Fig. 7: The indentation level calculation algorithm.

We can define a simple algorithm to calculate the indentation level of an individual line l. We first define every line to have attributes wsl – its leading whitespace level – and indentl – its indentation level. prev(l) returns the first non-empty predecessor line of l in the file, returning None when no such line exists. The algorithm is shown in Figure 7. There are 4 cases, the first 3 of which are trivial, though the last is more subtle:

Lines 2–3: If prev(l) == None then l is the first line in the file and its indentation level is set to 0.
Lines 4–5: If prev(l).wsl == l.wsl then l is part of the same block as the previous line and should have the same indentation level.
Lines 6–7: If prev(l).wsl < l.wsl then l opens a new block and has an indentation level 1 more than the preceding line.
Lines 9–16: If prev(l).wsl > l.wsl then either l closes a (possibly multi-level) block or the overall file has become unbalanced.

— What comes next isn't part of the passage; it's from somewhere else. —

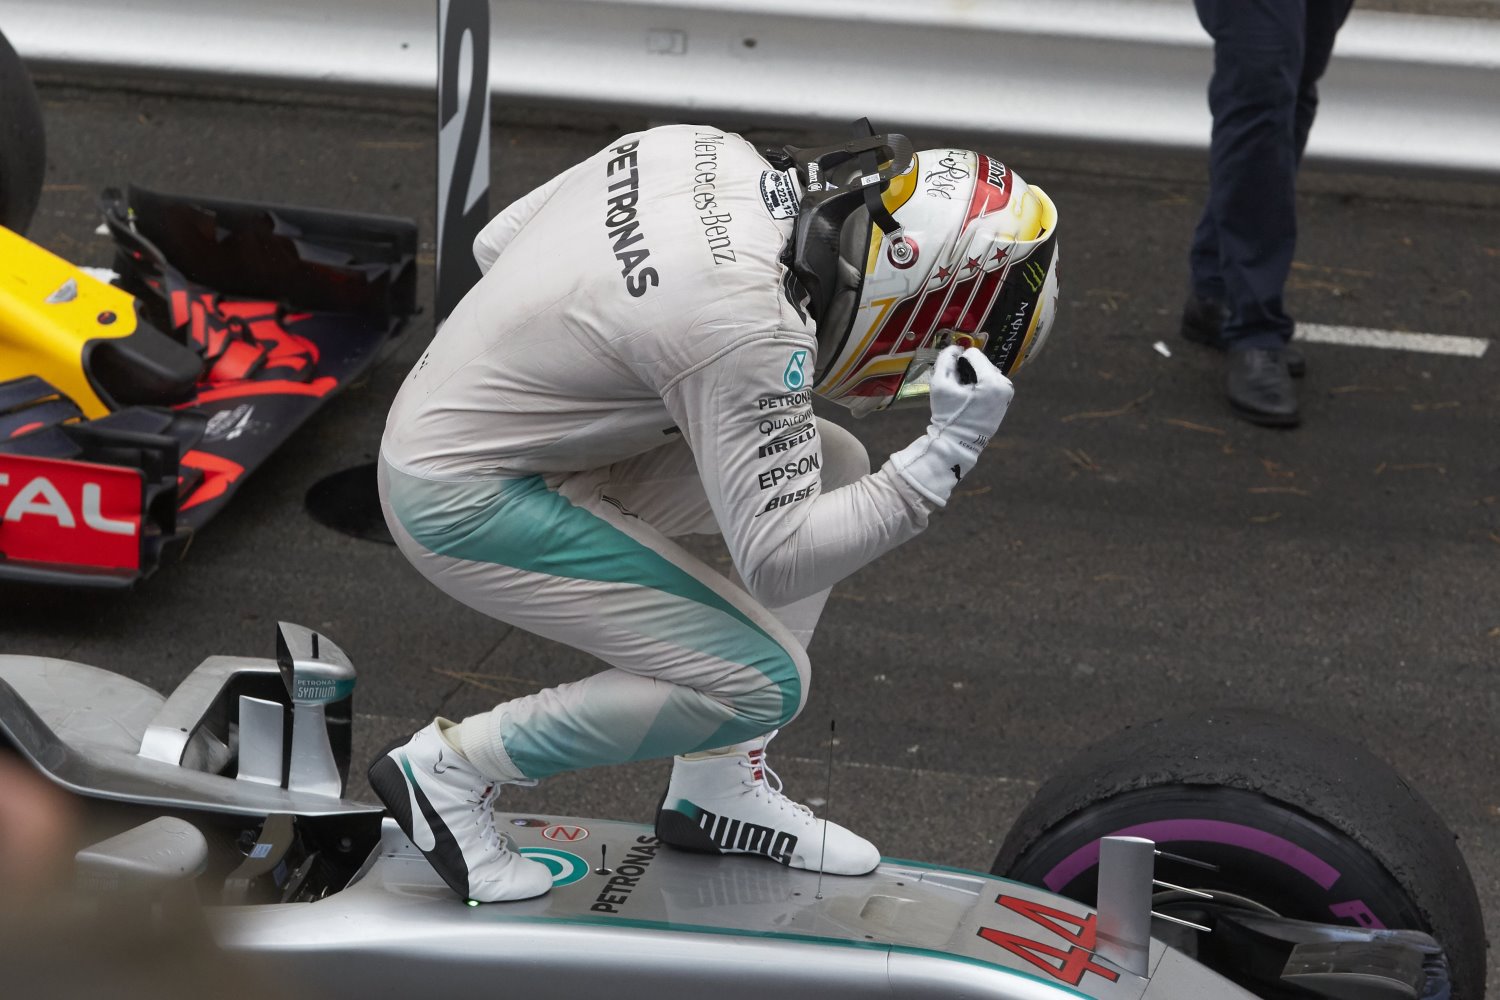 Hamilton celebrates the end of his winless streak

To determine this we have to search backwards to find a line with the same leading whitespace level as l. If we find such a line, we set l’s indentation level to that line’s level (lines 12–14). If no such line is found (line 11), or if we encounter a line with a lower leading whitespace level (lines 15–16), then the file is unbalanced and we need to mark the line as such (line 18) to force Eco to display an error at that point in the file.

In practise, this algorithm tends to check only a small number of preceding lines (often only 1). The worst cases (e.g. an unbalanced file where the last line is modified and all preceding lines are checked) are O(n) (where n is the number of lines in the file).

Each time a line has been affected by this process, we need to check whether the indentation related tokens in the parse tree match the line’s current state. If they do not, the tokens in the parse tree need to be updated appropriately (i.e. the old tokens are removed and replaced). If a line is marked as unbalanced, it requires a single UNBALANCED token; otherwise, we compare a line with its first non-blank predecessor and calculate the correct number of INDENT / DEDENT tokens. Once the parse tree has the correct number of tokens, we rely on the incremental parser to reorder the tree appropriately.

8 Abstracting syntax trees

Eco’s CST allows it to fully render a program on-screen. Because of this, it contains details that make analysis of the CST painful. For example, we would like to define analyses such as the names in scope in a program (which we can then use to highlight undefined variables, and to code complete names; see Section 9.1) on a tree which abstracts away irrelevant detail. Eco therefore maintains an AST which provides a simplified view of the user’s data. Different language editors map from the CST to the AST in different ways. Since some editors’ data may be non-abstractable, formally the AST contains a non-strict subset of the data in the CST.

In this section, we explain how this relates to the incremental parser. Parse trees in our approach are an extreme example of the pain of a detailed CST: their nesting is partly dictated by the LR parser, and is often very deep; they contain irrelevant tokens, which are necessary only for the parser or to make the language more visually appealing to users; and child nodes are ordered and only accessible via numeric indices. Instead, one would prefer to work with an AST, where the tree has been flattened as much as possible, with irrelevant tokens removed, and with child nodes unordered and addressable by name.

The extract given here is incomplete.